To increase our alignment with Aave and put “skin in the game,” we will refund a portion of our service fee should our risk parameter optimizations incur losses for the DAO during Gauntlet’s engagement. Our ultimate goal is to protect the protocol - we stand behind our work and want the community to have confidence in our optimizations.
Two main motivations are driving this effort from Gauntlet.
First, we want to signal our commitment to rigorous risk management for the DAO. We continue to pour resources into education and risk dashboard development. We have learned communicating risks and tradeoffs effectively across DAO stakeholders is challenging. Alongside increasing the transparency efforts from our Platform, Engineering, Data Analytics, Data Science/ML, and Product teams, we want to be held accountable.
Second, effective risk parameter tuning is only one component of a holistic strategy that a risk-aware DAO should consider.
How this works
A portion (30%) of our service fee already paid from AIP-50 has been transferred in a lump sum to a new multi-sig contract. These funds, currently denominated in stkAAVE, will be moved to a Polygon vault controlled by Gauntlet. Funds will be converted and actively managed by Gauntlet.
Losses are defined as any new insolvencies related to market risk or oracle failure.
Exclusions include issues relating to smart contract bugs or related to an underlying asset that is smart contract related and dust accounts (defined as accounts with borrow less than $1,000). The refund does not apply if any Gauntlet risk parameter proposal fails during the engagement.
Should insolvencies occur, Gauntlet will share an update with the community, and send funds back to the DAO in a timely manner.
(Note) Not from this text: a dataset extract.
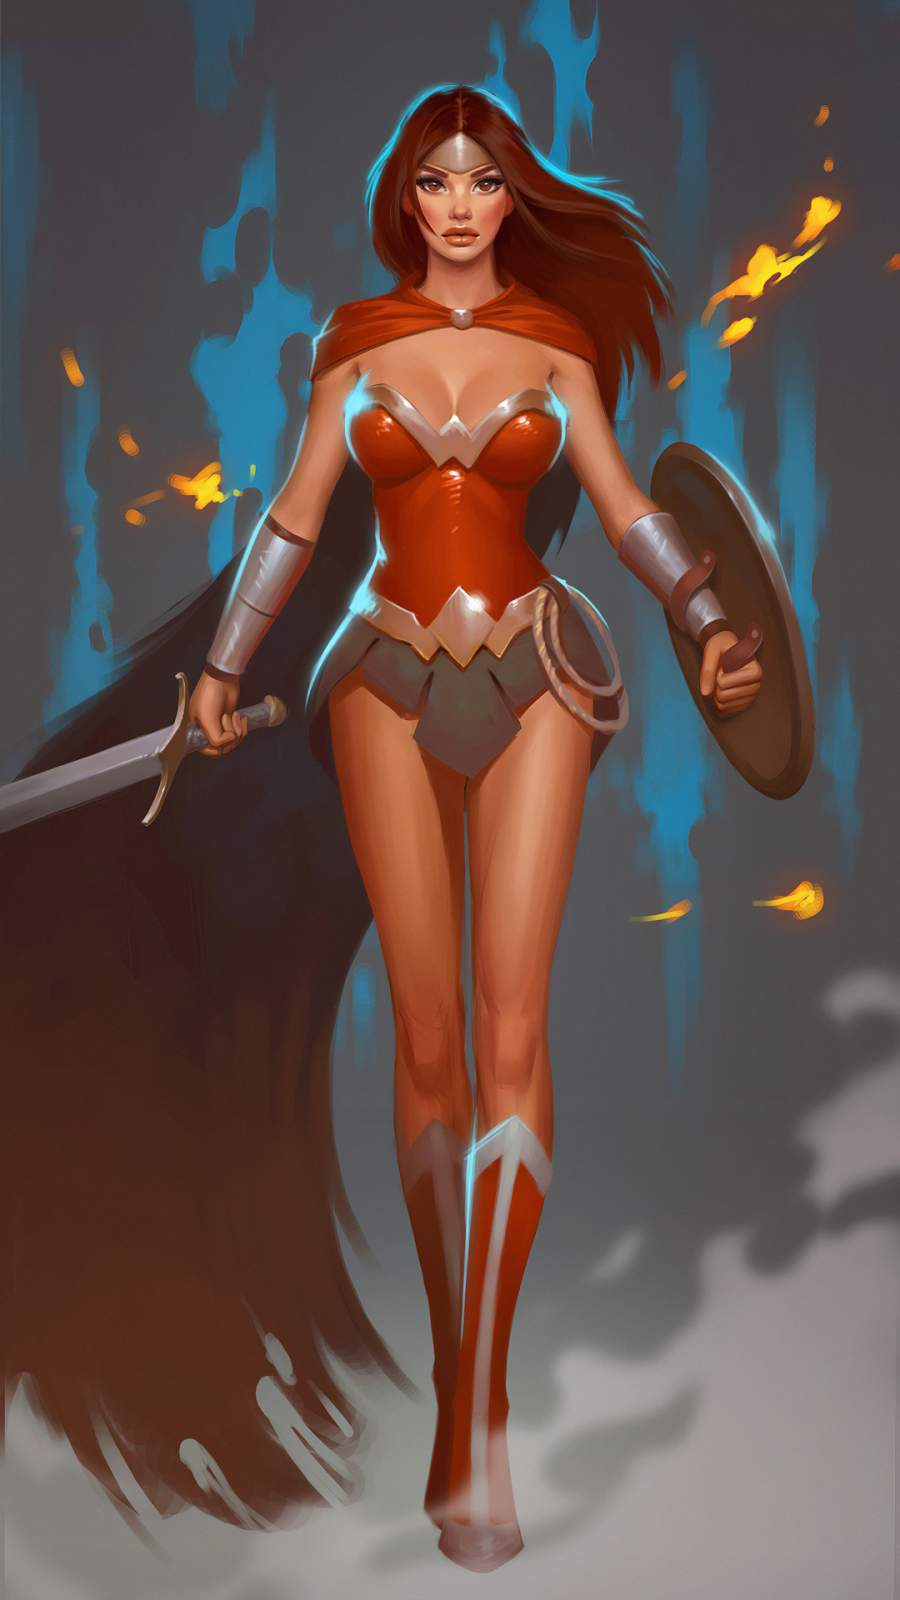 Wonder Woman Artistic iPhone Wallpaper

At the end of the current engagement (Dec-05-2022 05:53:58 PM +UTC), any remaining funds in the vault will be removed, realized by Gauntlet’s Finance team, and no longer eligible for a refund. A new vault will be funded and managed similarly should the engagement renew.
Why use a refund and not have the DAO hold the funds?
Like cloud service providers, the refund can be viewed as a penalty or discount for a failure to live up to the service level agreement and objectives. Additionally, Gauntlet does not want a bonus structured engagement which could muddle incentives.
Will Gauntlet not be incentivized to recommend conservative risk parameters to prevent insolvency?
No, our KPI-based engagement structure would see capital efficiency decline if we attempted to do so.
What if a Gauntlet risk parameter proposal fails but those same parameters are updated according to a modified Gauntlet proposal in the future?
The insolvency refund will be reactivated in that case.